As the world’s manufacturing hub, exports now only account for 9.1 percent of China’s GDP. On the other hand, the US market only makes up 20 percent of China’s export value, translating to just 1.8 percent of China’s GDP. Hypothetically, all China has to do is raise consumption by 1.8 percent and China could do without the US.

With the worst case of 1.8 percent being shaved off its GDP, the Chinese government does not have much to lose. This is why China would rather confront the US head-on. On the hand, it is literally impossible for the US to completely stop importing from China. It might take some time before the US realises these profound implications.

Of course, it would also be naïve to think that it is completely smooth-sailing for China to transform into a consumption-based and service-oriented economy. With US breathing down its neck, investors should acknowledge that China’s challenges have become even more complex.

Apart from tariffs, Trump has yet to play the “quota” card, limiting the access of Chinese goods into the US. I believe that if the Trump fails to force China to make some concessions, Trump would likely impose quotas on Chinese imports.

Typically in past trade wars, tariffs and quotas often come hand-in-hand. During the negotiation of USMCA, US trade officials brought up quota plan to replace national security tariffs that were in place on import tariffs of steel and aluminium. Possibly, the same policy could come in place to restrict access of Chinese imports.

Currently, Singapore and Hong Kong stock markets are being influenced by different elements. Respectively in each market, performance across each sector also varies considerably.

Across the two markets, some counters continue to make record highs. Interestingly, some of these stocks, I observed, are not weighed down when trade tensions escalated during the first half of 2018. Going forward, such stocks should continue to outperform the broader market. Amongst them, a number of these stocks are blue chip counters, with upstream oil majors and other producers logging the best performances.

Not exhaustively, these stocks include Hong Kong-listed PetroChina, Sinopec, China National Offshore Oil Corporation (CNOOC), and Singapore-listed Keppel Corp and Sembcorp Marine. Chinese infrastructure companies such as China Railway Group and China Railway Construction Corporation are also seeing their stocks being lifted, as investors speculate on an infrastructure stimulus package from the Chinese government.

It seems that oil stocks are also seeing a sustained rally as oil prices continue to recover unabated.

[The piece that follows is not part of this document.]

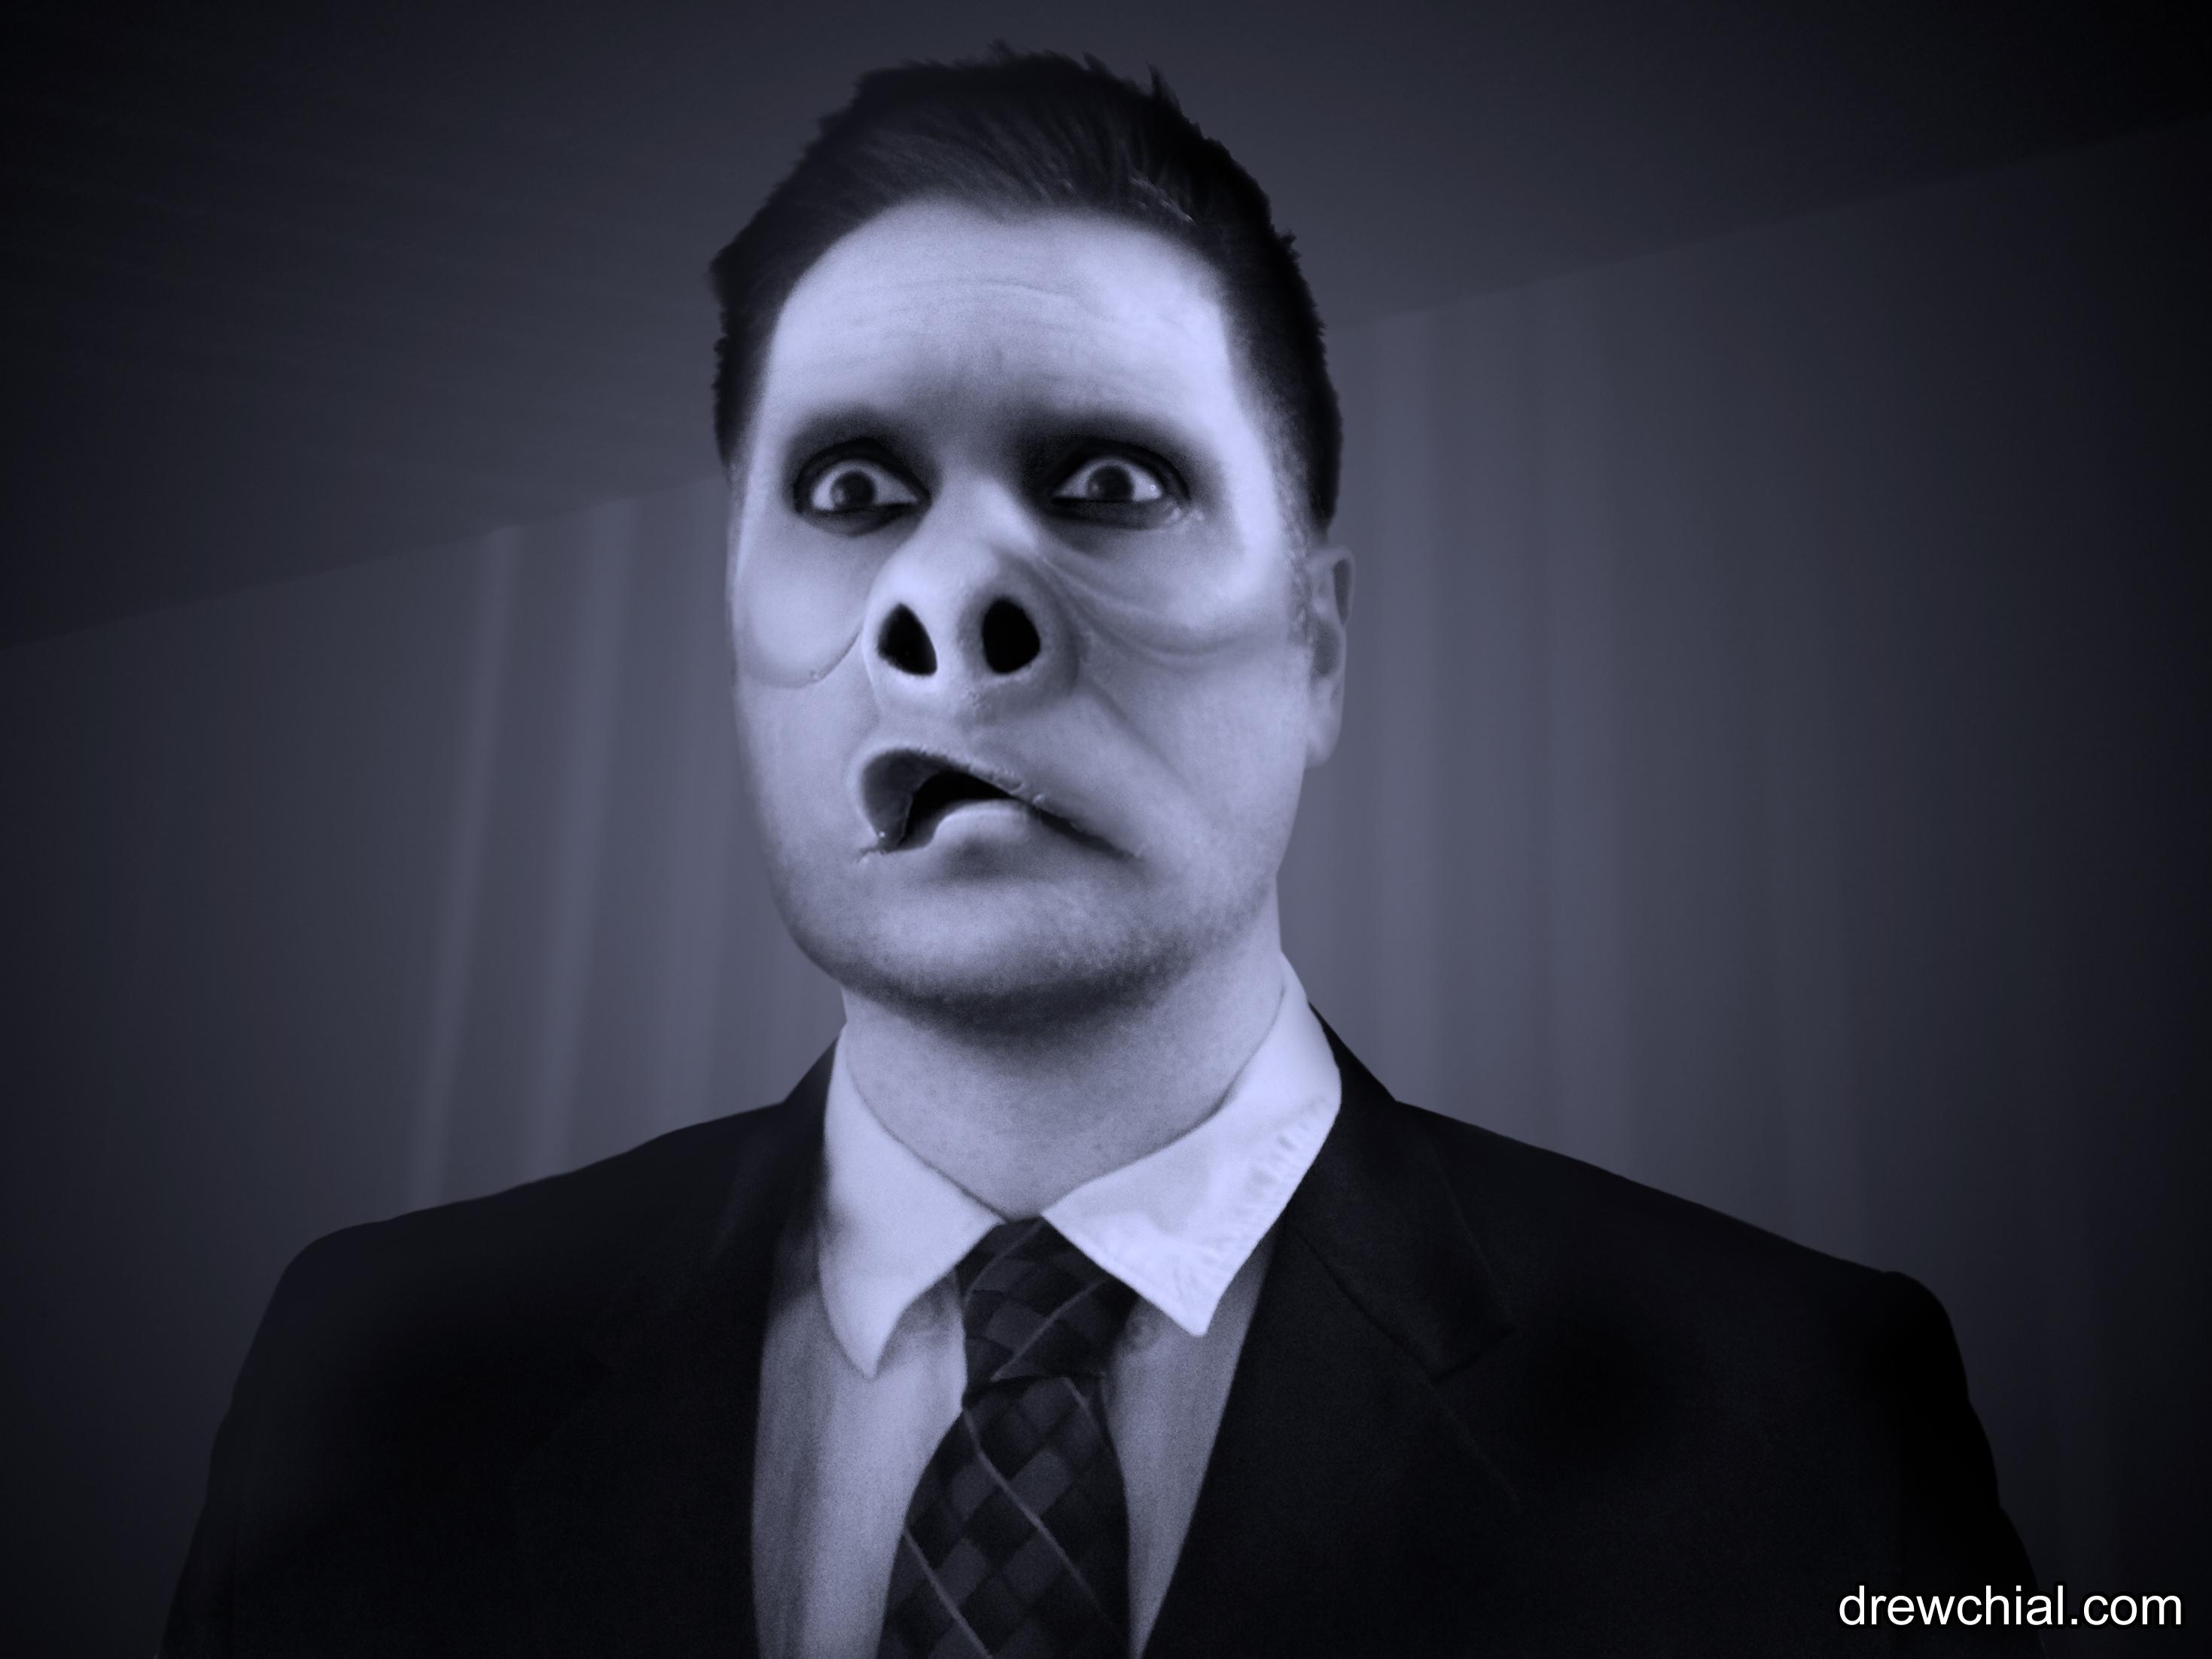 Twilight Zone Drew Chial Page 2

With US officially enacting its sanctions on Iranian oil, oil prices would still be on its upward trajectory.

On 26 September 2018, the US Federal Reserve hiked interest rates again, by the market expectation of 25 basis points. Initially, the news made little impact in the stock market but on the following day, stocks opened significantly higher only to slip back and to register mild gains at the close. This suggests that while the Fed’s interest rate policy would still affect the stock market, other elements influencing investors’ sentiments are also in play.

Previously, Trump had expressed his discontent that the Fed is causing the US Dollar to appreciate with its rate hike path. This makes US goods less competitive and hence undermines Trump’s capacity on the trade negotiation table. Fortunately, the market reacted well to the Fed’s latest interest rate hike while the US Dollar also remained stable.

This led me to believe the current environment is still healthy for property developers and mortgage companies. In the local market, Ho Bee Land’s stock surged when Chairman Chua Thian Poh reportedly announced his intention to step down as the President of Singapore Federation of Chinese Clan Associations. This seems to mean that Chua would have more time and energy to focus on Ho Bee Land’s businesses.